Even better, the signs lighted at night would bring tourist on the 'scary after sundown' line, through the area, bringing bodies, eyes, cameras, tourists, and nightlife onto the yellow line.


I've heard that neon signs are very expensive to maintain, and that they eat up a lot of energy. That means quite a commitment is required to keep the ones already existing around, and encouraging more to be created.

I'm not sure I understand the appeal of the Ryan Gwinner Press sign. The top part is just a plain box sign. The lower part...what's with that? Is it deliberately wrinkled like that or did something hit it? I can't seem to tell from the picture.

Mid-Century Modern League

You can find out what happened to Kupie Cone right here.

John T

I sympathize with the sign-preserving folks and with the keep-Portland-weird sentiment, but that Ryan Gwinner Press sign? Seriously?

toronto condominiums

The article is good. But I have a doubt. Where is Kupie Cone.
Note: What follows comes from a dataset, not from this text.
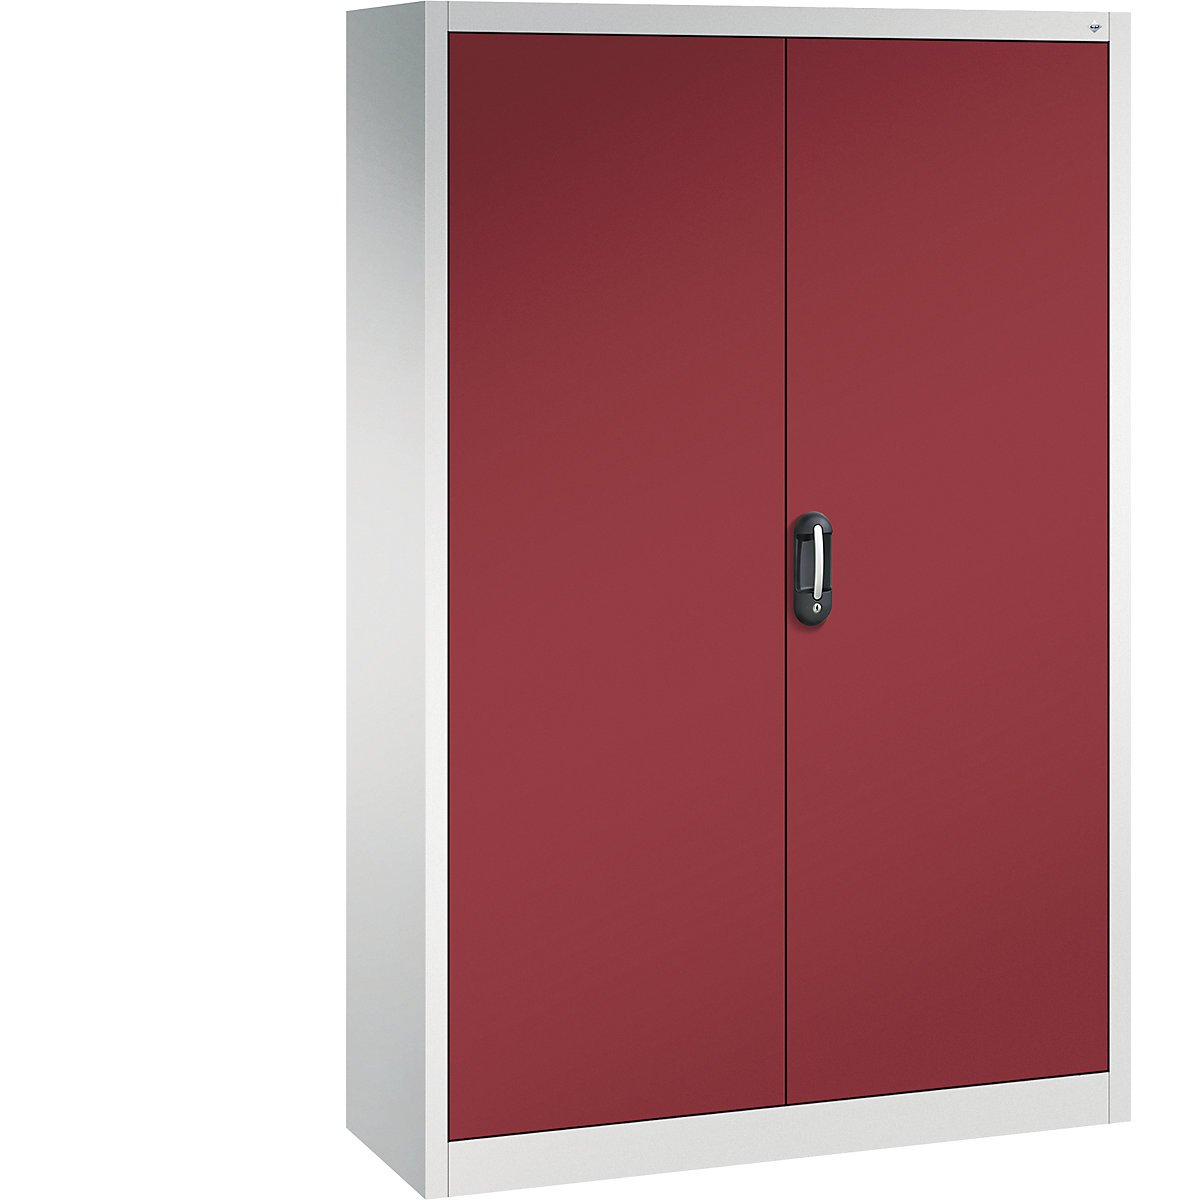 ACURADO universal cupboard – C+P, WxD 1200 x 400 mm, light grey / ruby red-19

Where has it gone?


A campaign has begun to Re-Erect the Hung Far Low sign. http://www.ReErectHungFarLow.com


also give kudos to Queen Bee, the new store on North Williams which has fixed up and reused its cool old sign, helping save some of the character of that street as it evolves with the neighborhood!

Maryland electric signs

An independent supermarket owner in New Haven, CT saved one of these old grocery-store neon signs from the 50s and put it up on the wall indoors. Unfortunately, the money for that was supposed to go towards fixing up the produce back-room heater so employees wouldn't freeze in winter.